When a data source is an external database, a fully qualified name must be used to reference the table of interest. For example, querying an account_signup table inside a events schema in the bq data source:

select * from bq.events.account_signup;

Querying multiple data sources

The real power of GlareDB is being able to work with multiple data sources in a single query. Let’s work through an example using a BigQuery and Postgres data source.

select datasource, name, object_type
from glare_catalog.external_datasources;
 datasource | name  | object_type
------------+-------+-------------
 bigquery   | bq    | database
 postgres   | prod  | database
(2 rows)

Internally at GlareDB, we want to be able be able to answer the question “How many GlareDB deployments were created per organization after the organization has upgraded their billing plan?”
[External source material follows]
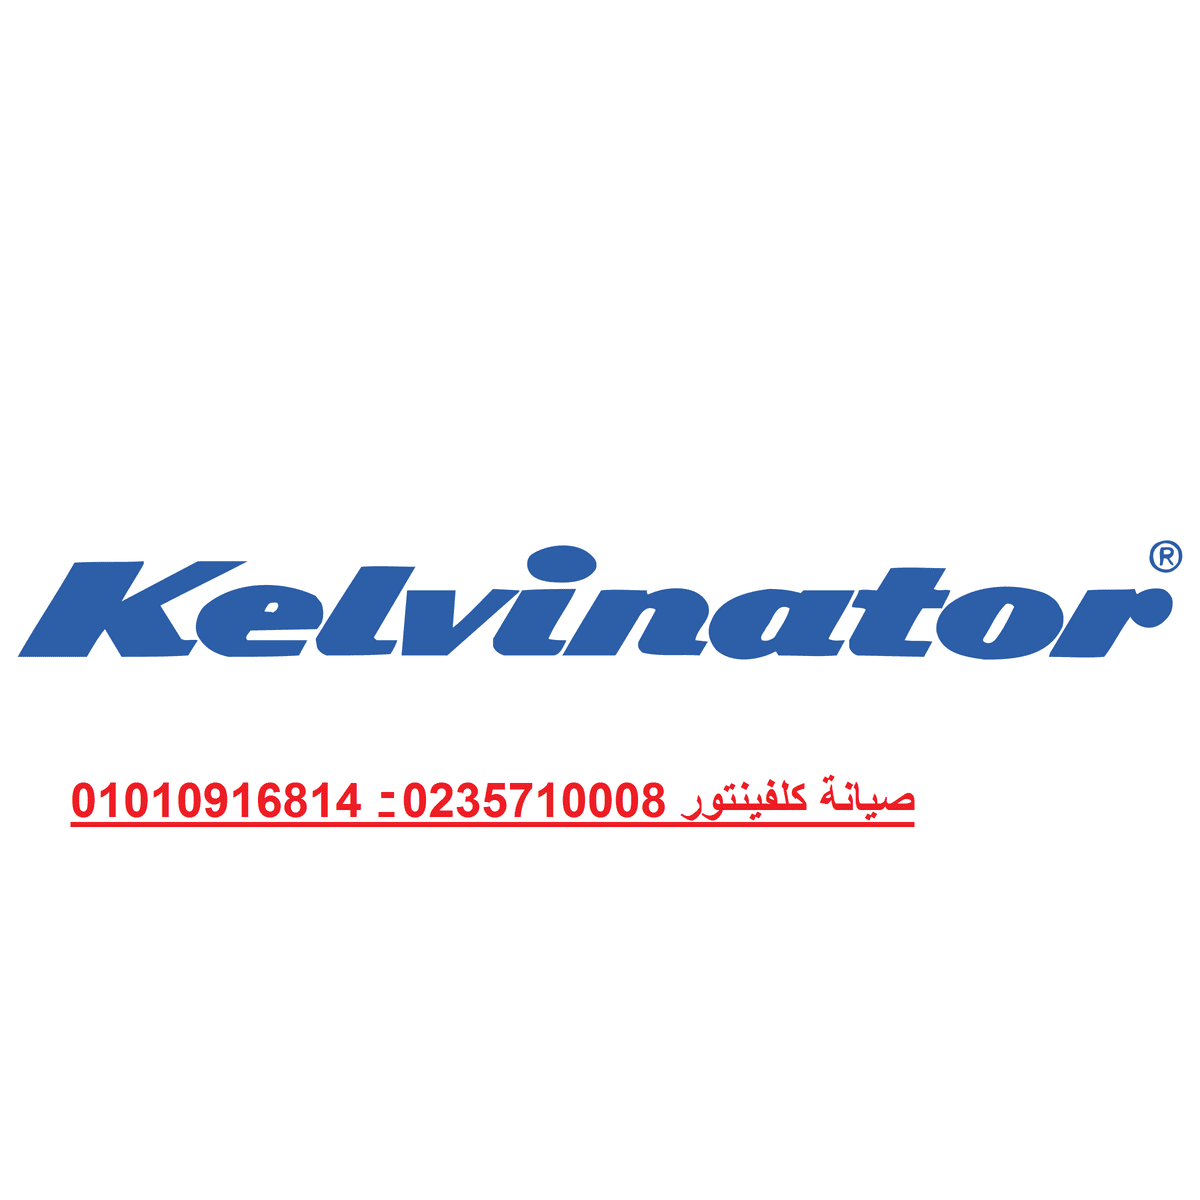 kelvinator-1-logo-png-transparent

Our production Postgres holds information about deployments and organizations, and our BigQuery instance stores all events about when things happened. So to answer this question, we can join a table from our BigQuery data source onto tables inside our Postgres data source:

select count(*) as num_deployments, o.id
  from bq.events.billing_plan_upgraded as b
       inner join prod.public.organizations as o on b.org_id = o.id
       inner join prod.public.deployments as d on o.id = d.org_id
 where d.created_at > b.timestamp
 group by o.id

Notice we’re able reference data sources everywhere you would normally reference tables in a typically SQL database.

Creating views referencing data sources

Any valid SELECT query can be used when defining a view. This enables us to create a view that can reference any number of data sources.

The query defined in the previous section can be turned into a view with no changes:

create view num_deployments_created_after_upgrade(num_deployments, org_id) as (
  select count(*), o.id
    from bq.events.billing_plan_upgraded as b
         inner join prod.public.organizations as o on b.org_id = o.id
         inner join prod.public.deployments as d on o.id = d.org_id
   where d.created_at > b.timestamp
   group by o.id)

And now we’re able to query the view without having to specify individual data sources to query.

select * from num_deployments_created_after_upgrade;

Using views to define queries that reference multiple data sources is a powerful way of modeling data for use in upstream clients and applications. A single view could be used for generating a report in Tableau and also be accessible in psql or other tools.

See CREATE VIEW for the reference doc on views.